* **Dataset entries**

#####

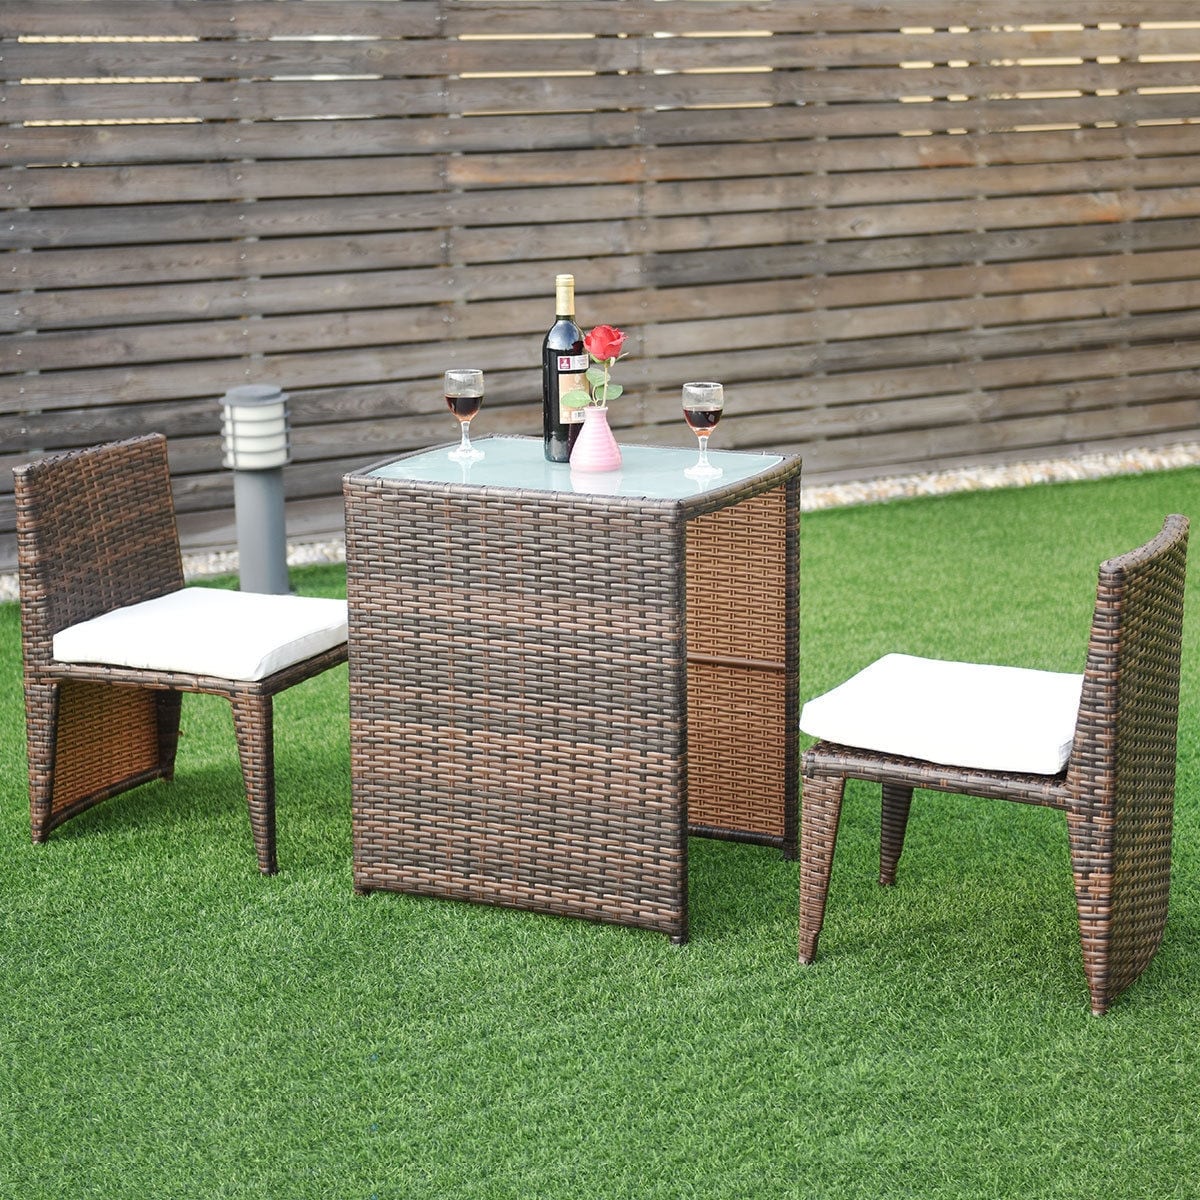 3 PCS Brown Cushioned Outdoor Wicker Patio Set Garden Lawn Sofa Furniture Seat
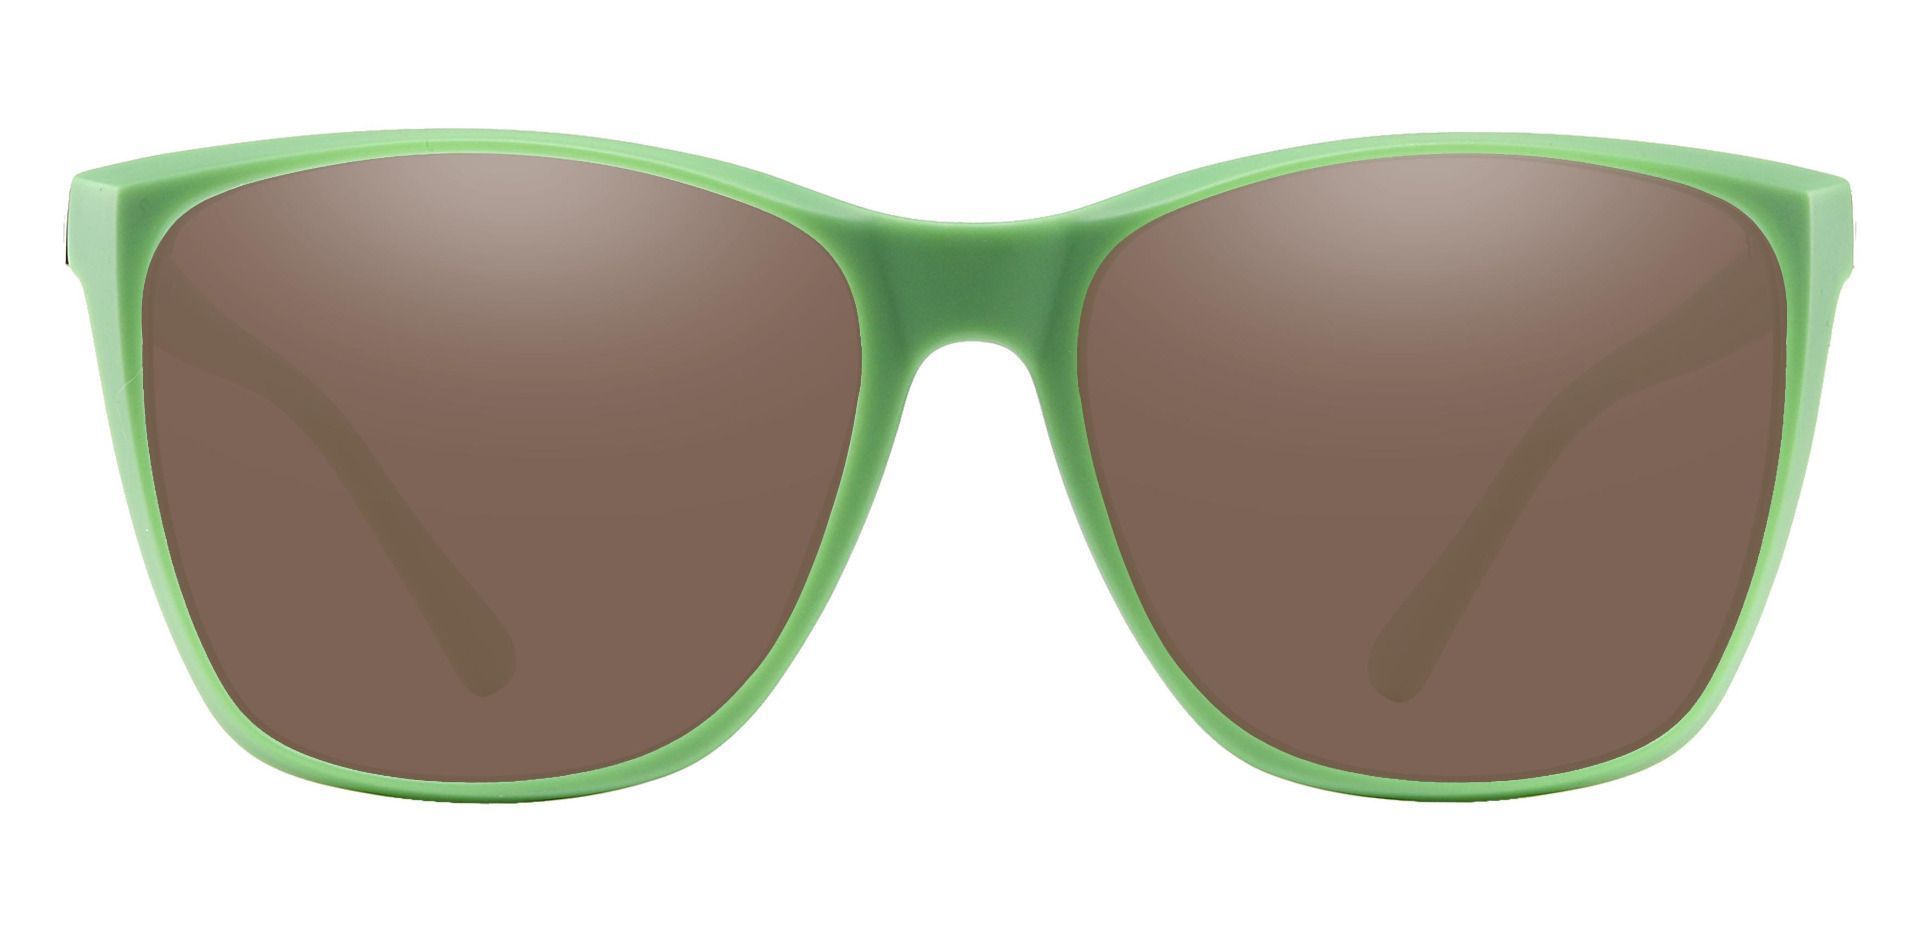 Hickory Square Prescription Sunglasses - Green Frame With Brown Lenses
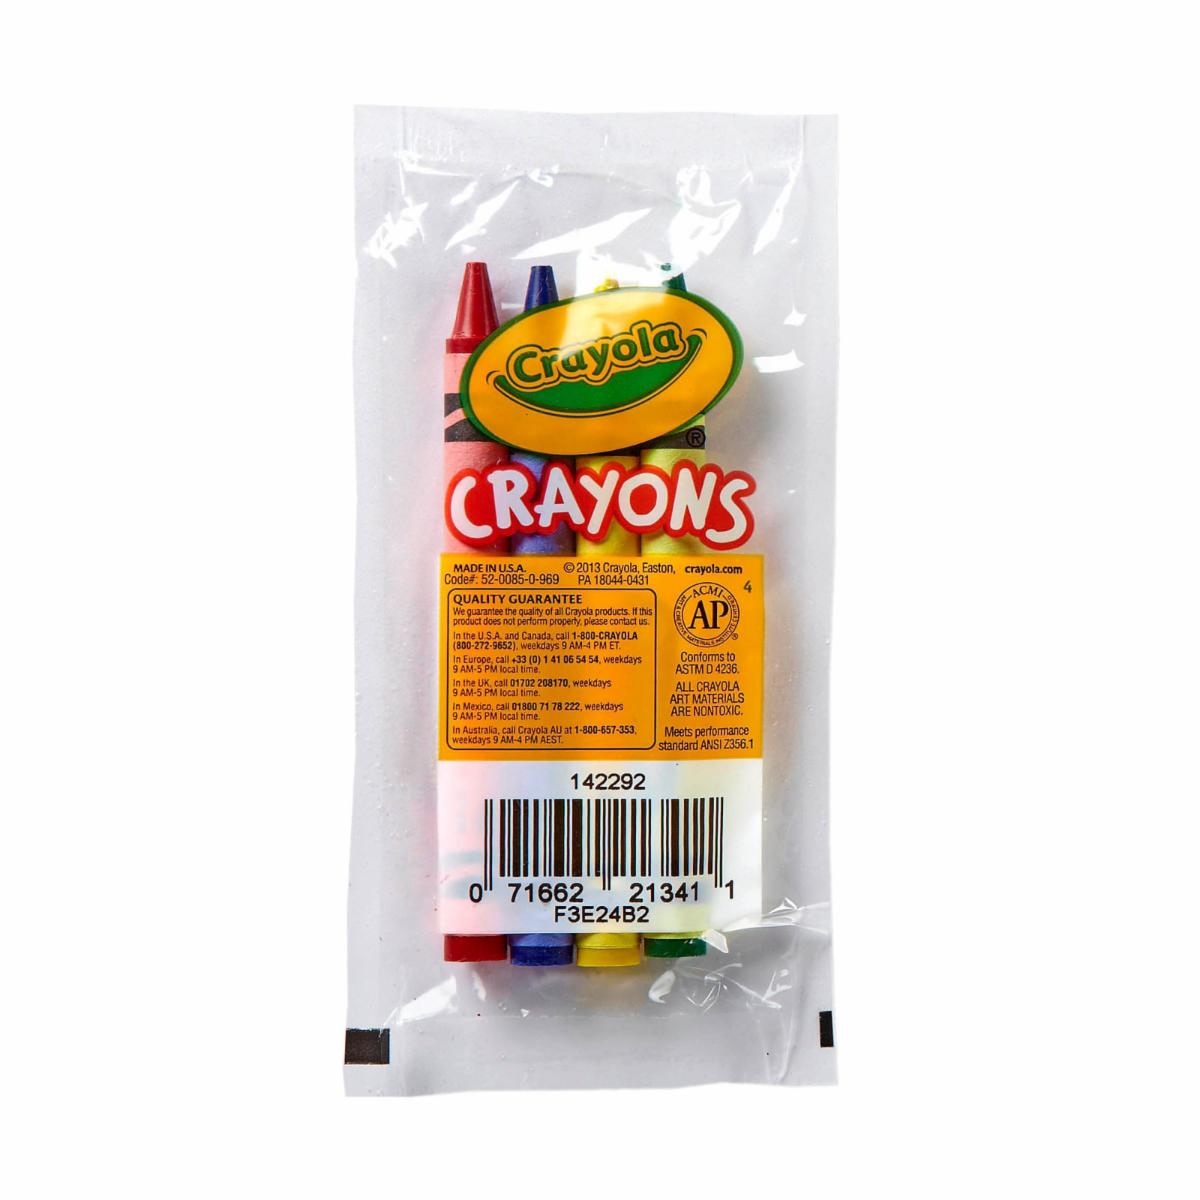 43638 - Crayola Crayons, Assorted Colors, 4-Count USA
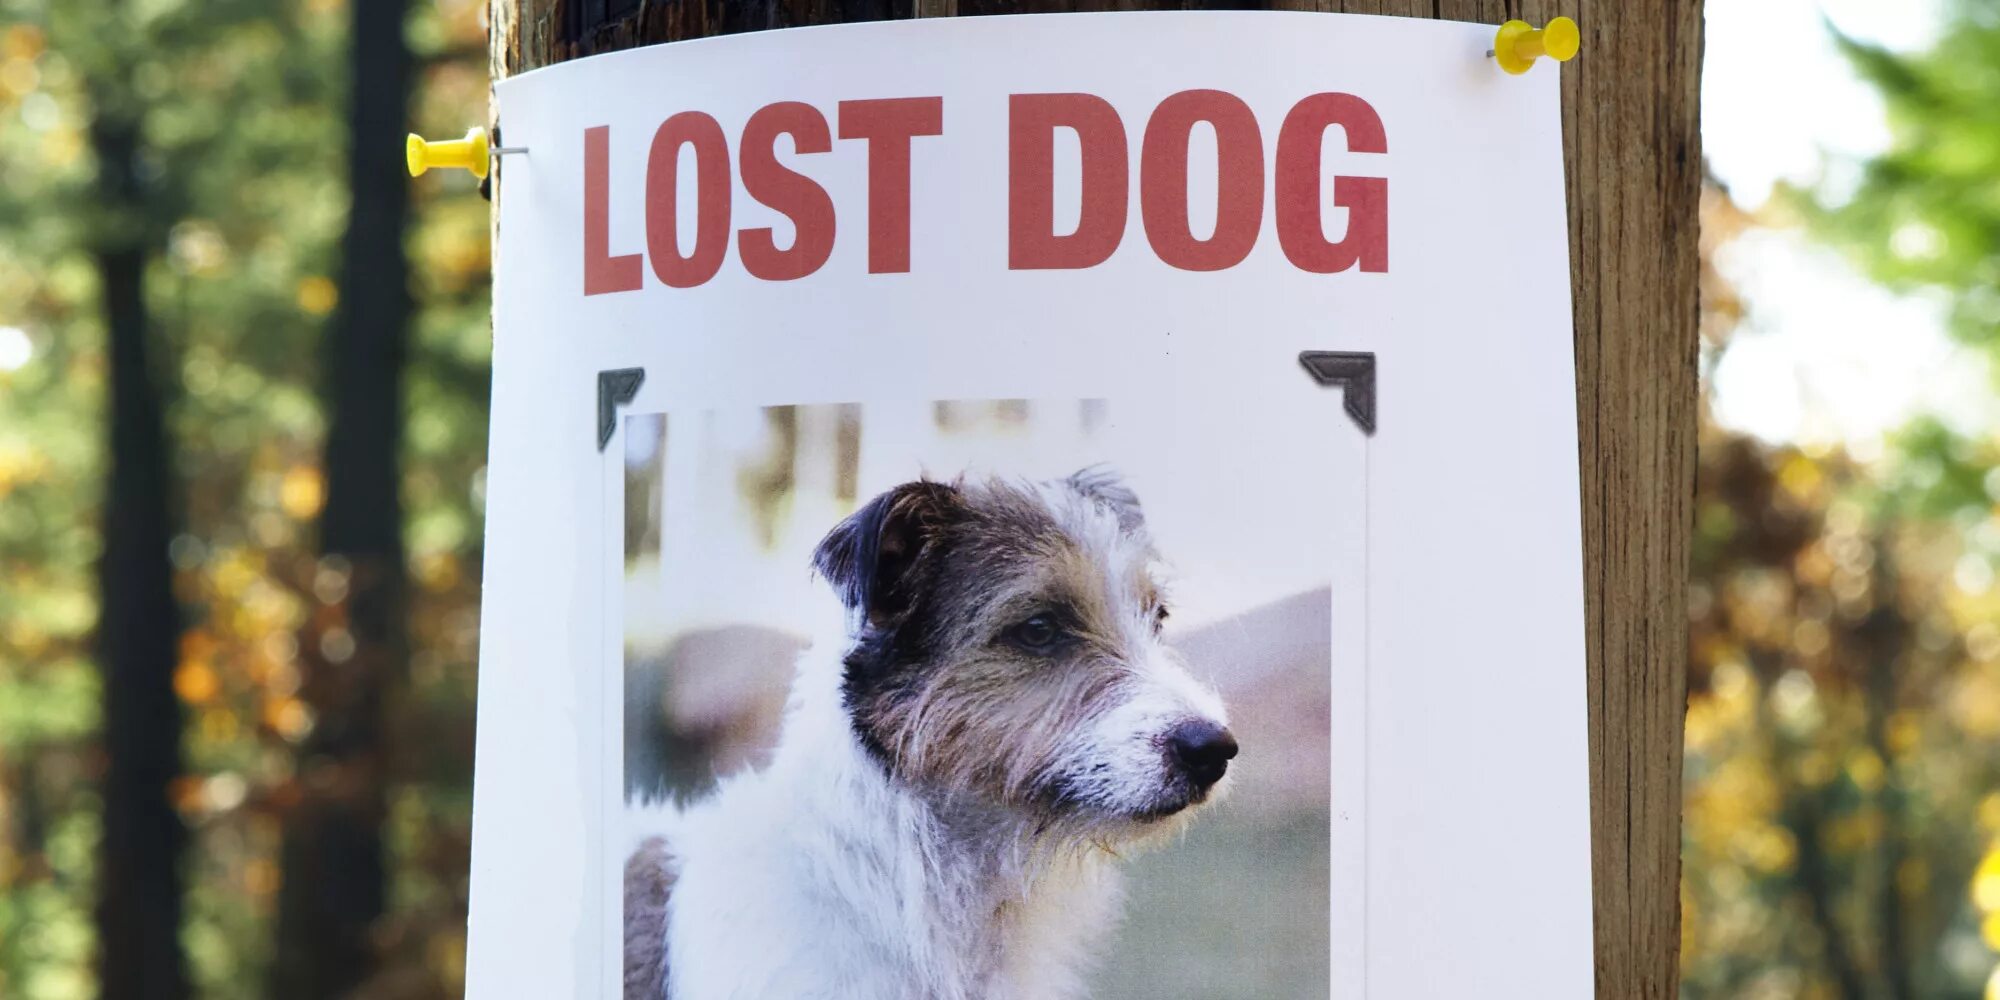 The Lost Dog. Missing Dog. Потерявшаяся домашняя собака.
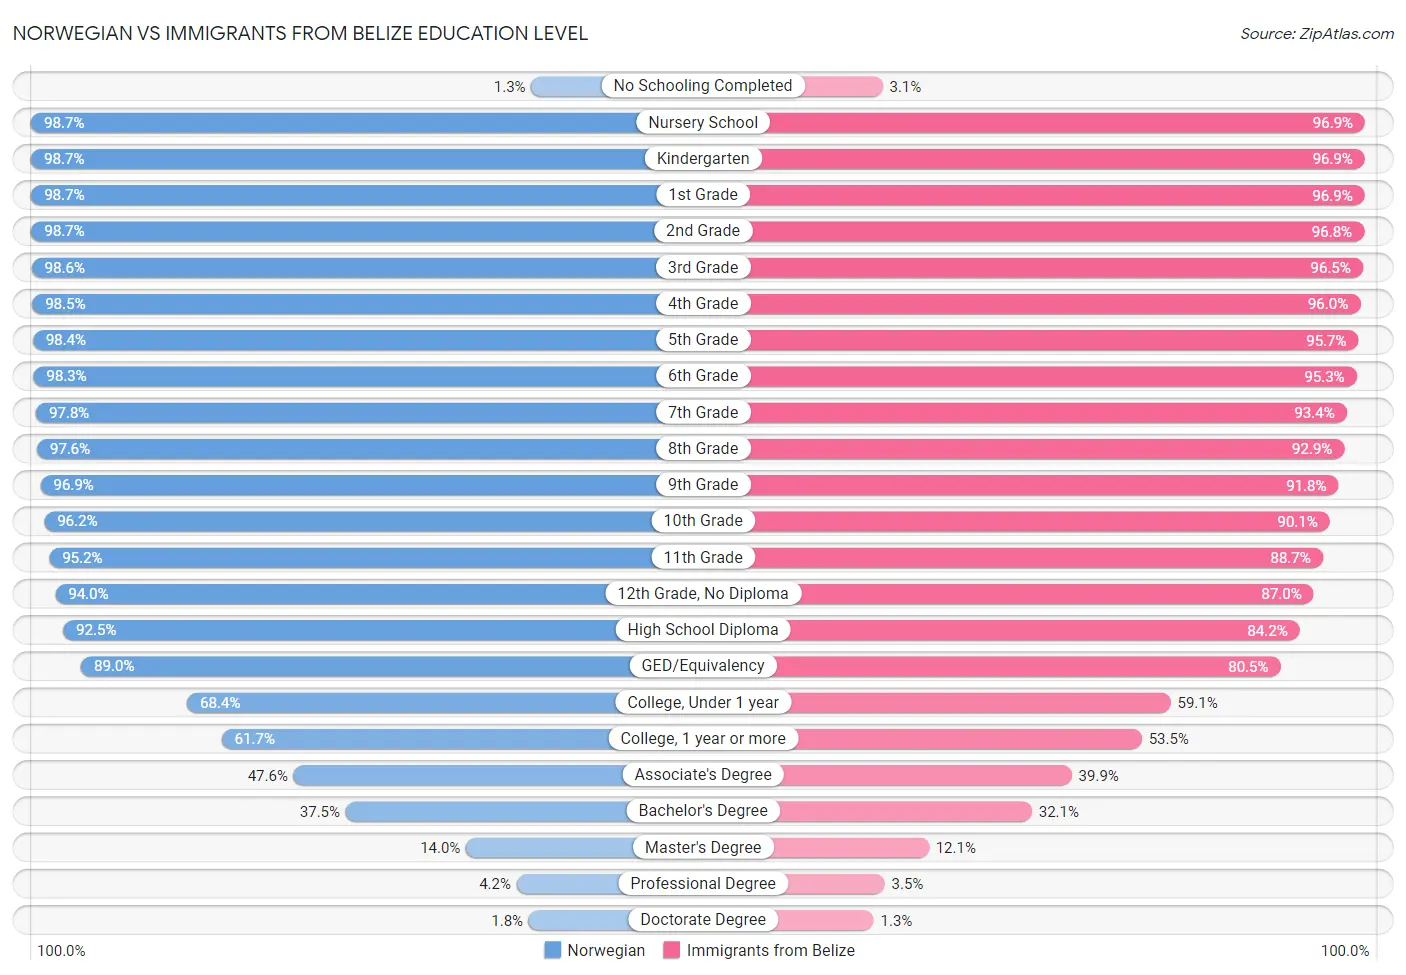 Norwegian vs Immigrants from Belize Education Level

#####

* **GOAL OF THE EXERCISE**
Your task is to reproduce exactly the lines running from the line that contains "Hickory Square Prescription" to the end of the records, pictures excluded.

* **ANSWER FOR THE TASK**
 Hickory Square Prescription Sunglasses - Green Frame With Brown Lenses
 43638 - Crayola Crayons, Assorted Colors, 4-Count USA
 The Lost Dog. Missing Dog. Потерявшаяся домашняя собака.
 Norwegian vs Immigrants from Belize Education Level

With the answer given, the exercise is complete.